Required work. Exclude the pictures and reproduce the remaining data exactly as written.

Input data.
• • •
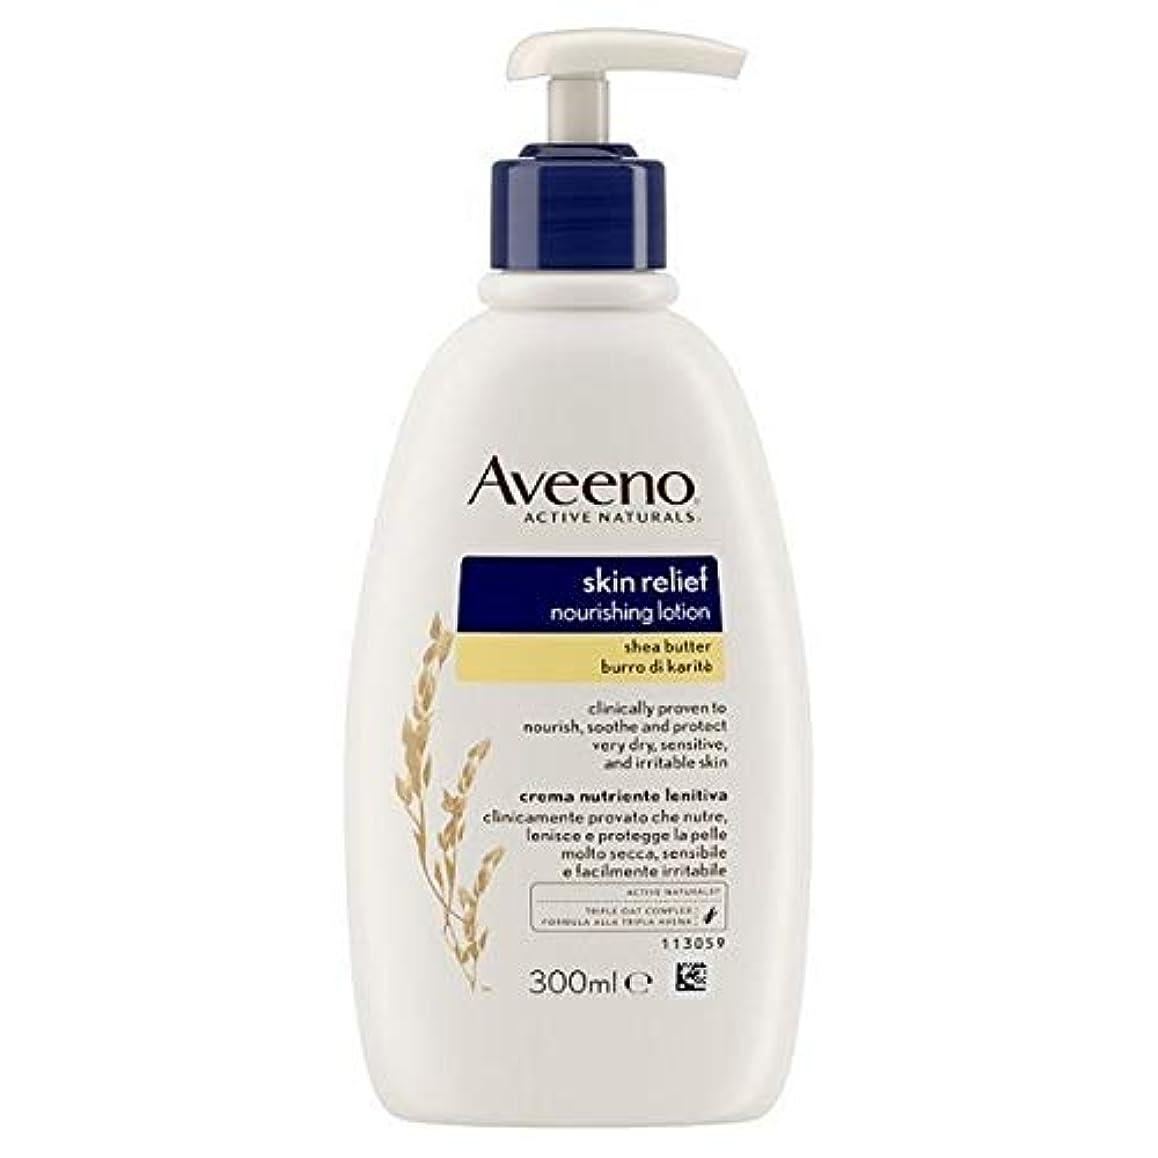 終了しました予想する保存[Aveeno] Aveenoスキンリリーフローション300ミリリットル - Aveeno Skin Relief Lotion 300ml [並行輸入品]
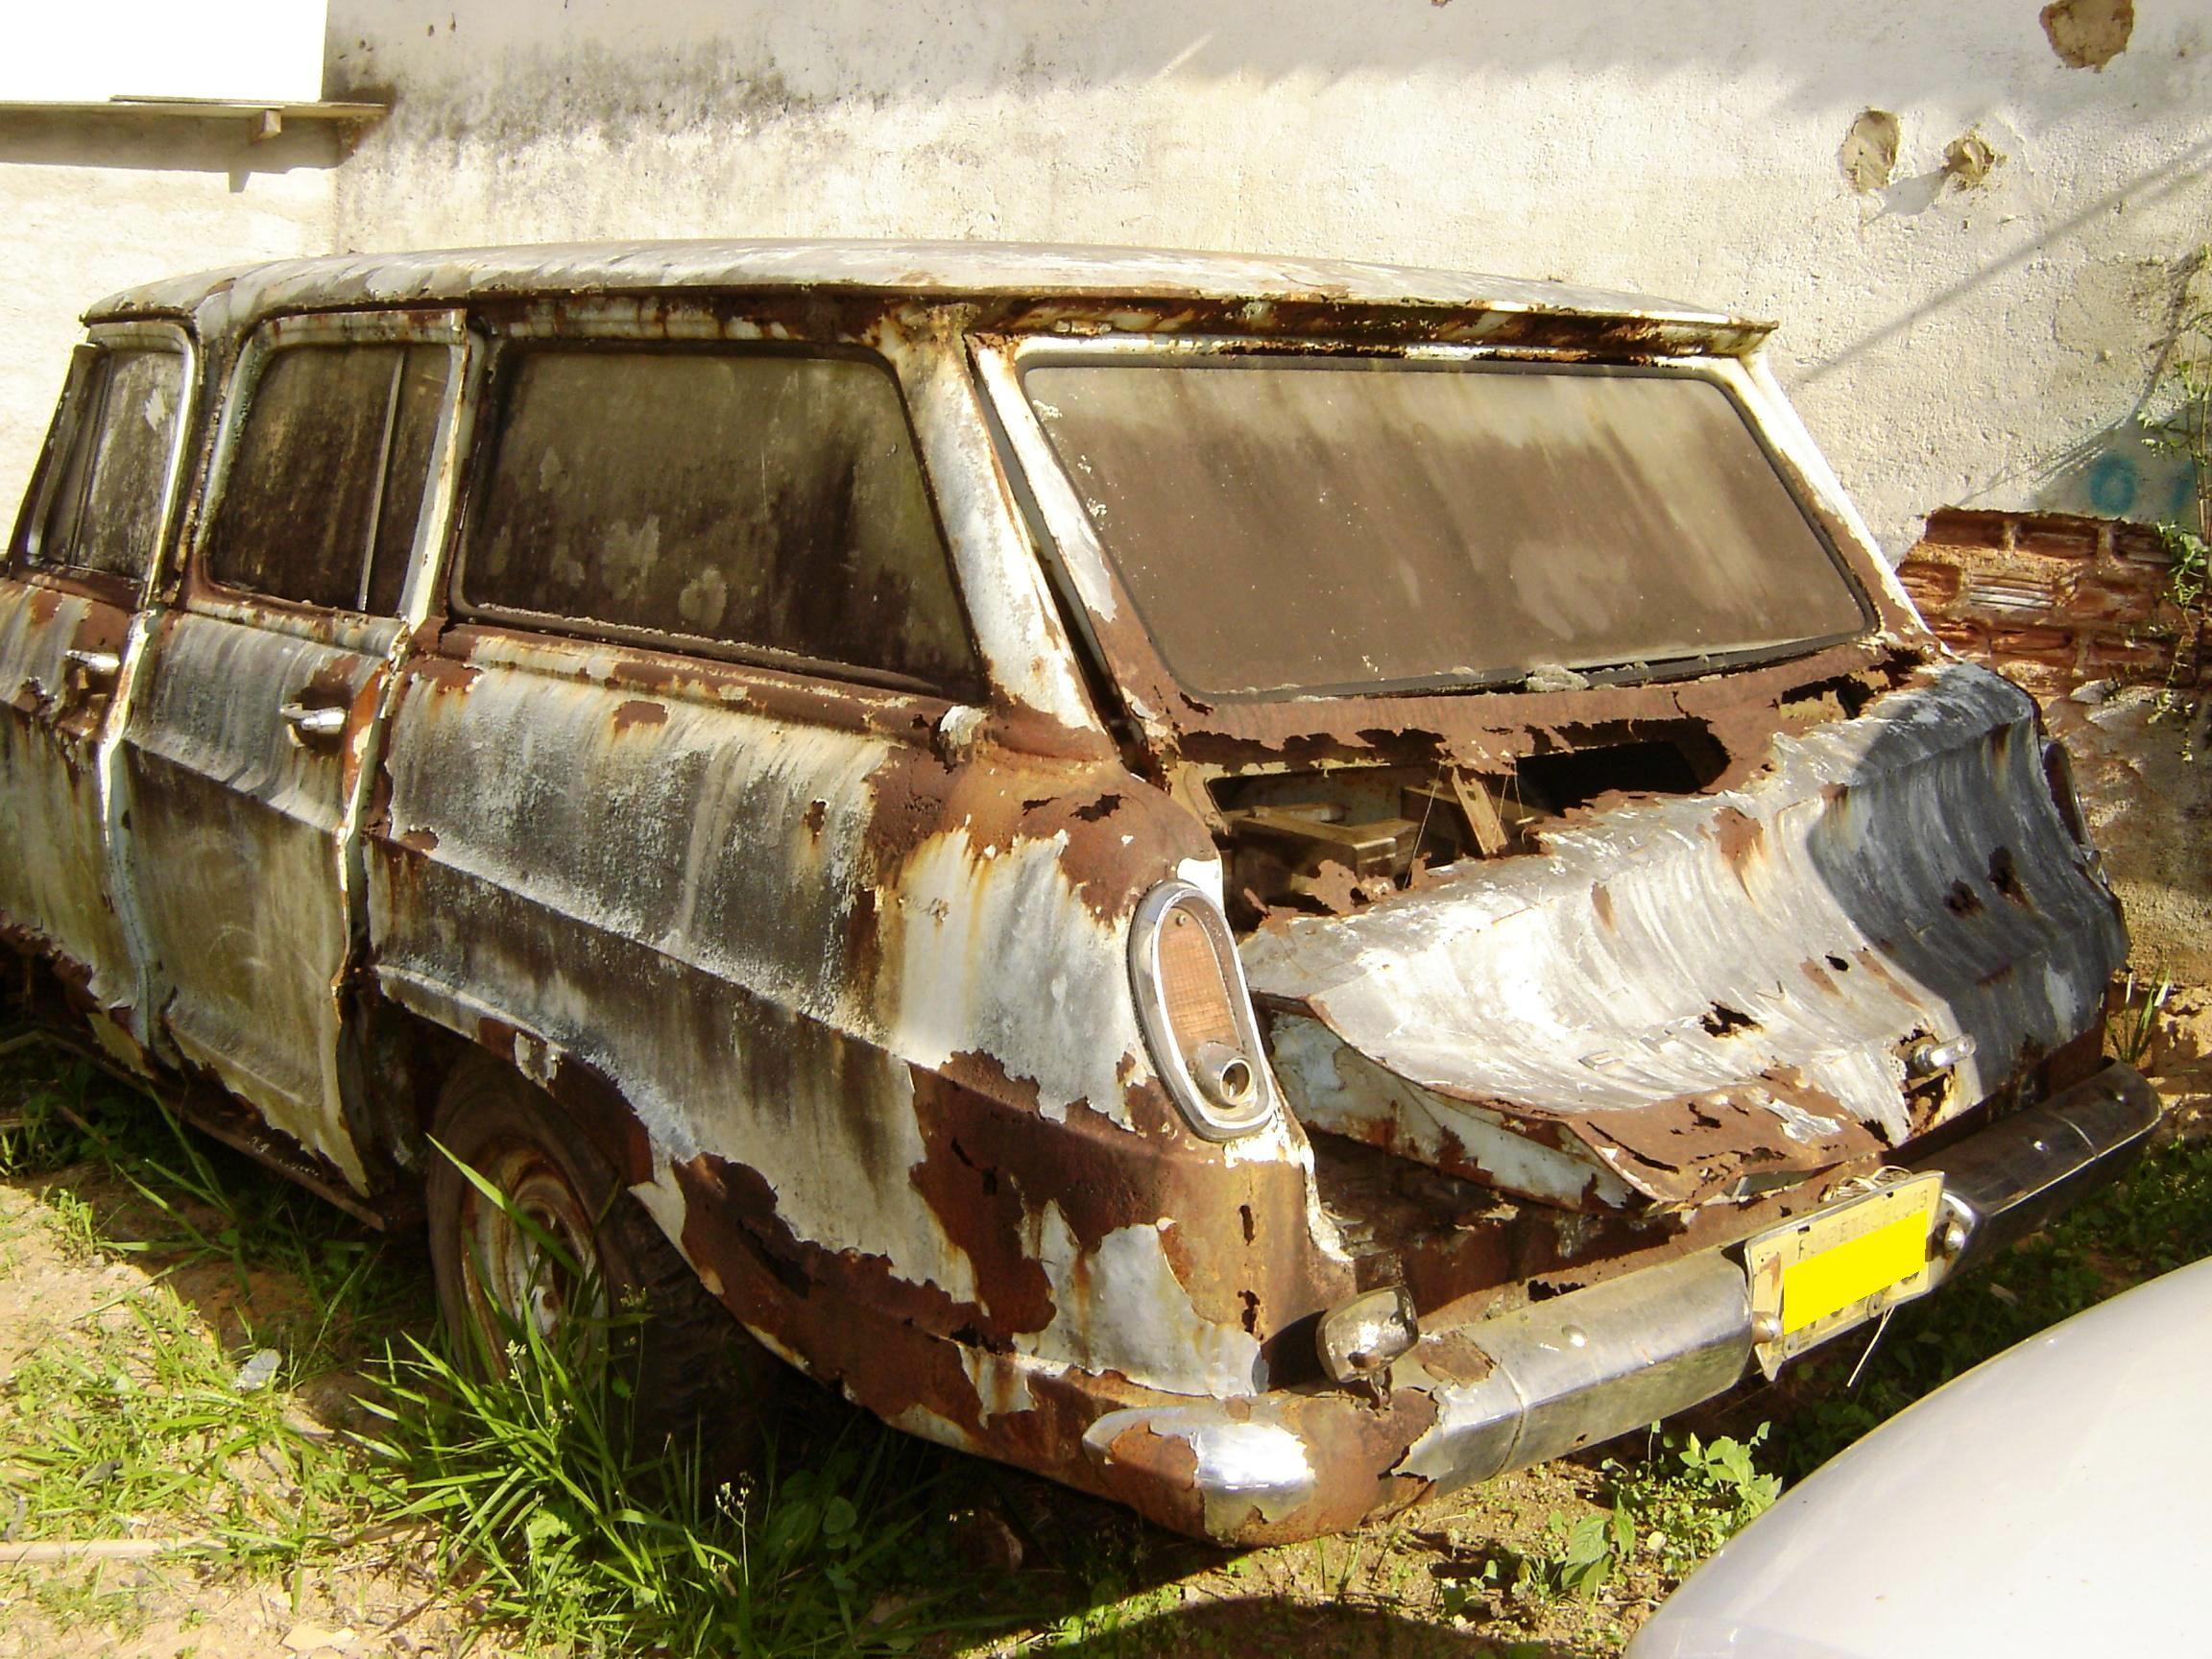 chevrolet_veraneio_1969 Chevrolet Veraneio 1969
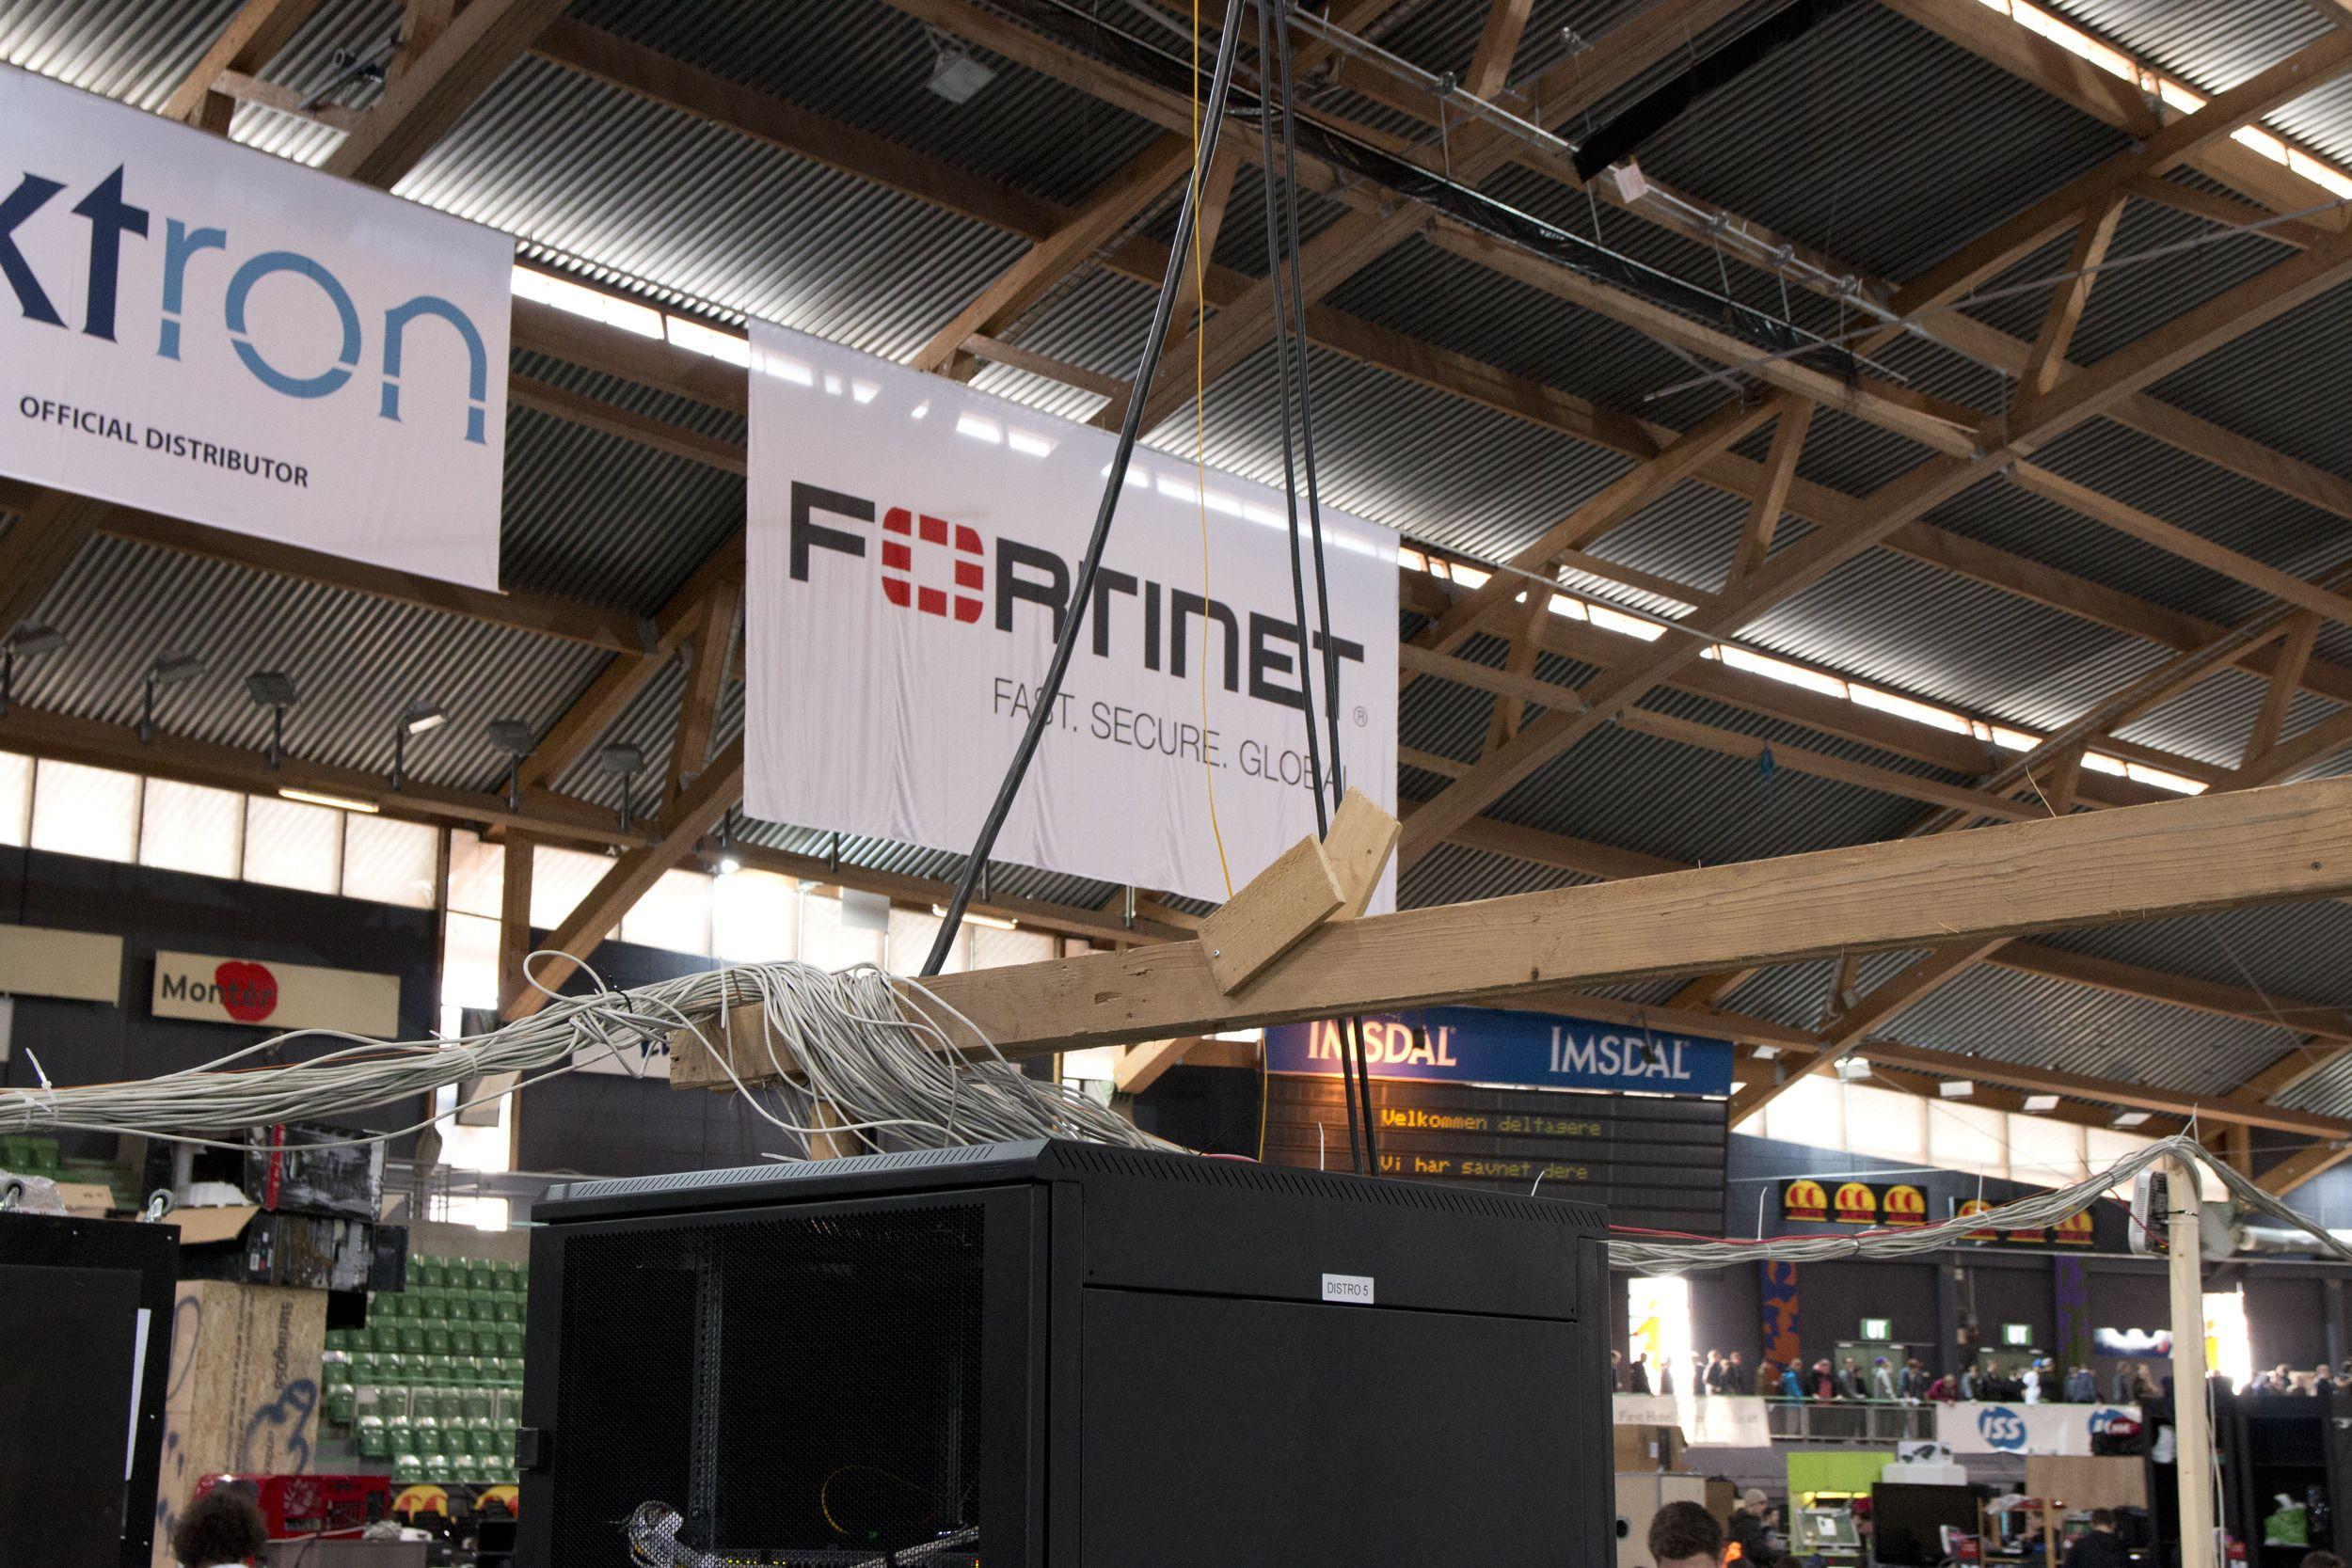 Ned til de åtte skapene nede på gulvet går det fiber- og strømkabler ned fra taket. Foto: Rolf B. Wegner, Tek.no
• • •
Result of the exercise.
 終了しました予想する保存[Aveeno] Aveenoスキンリリーフローション300ミリリットル - Aveeno Skin Relief Lotion 300ml [並行輸入品]
 chevrolet_veraneio_1969 Chevrolet Veraneio 1969
 Ned til de åtte skapene nede på gulvet går det fiber- og strømkabler ned fra taket. Foto: Rolf B. Wegner, Tek.no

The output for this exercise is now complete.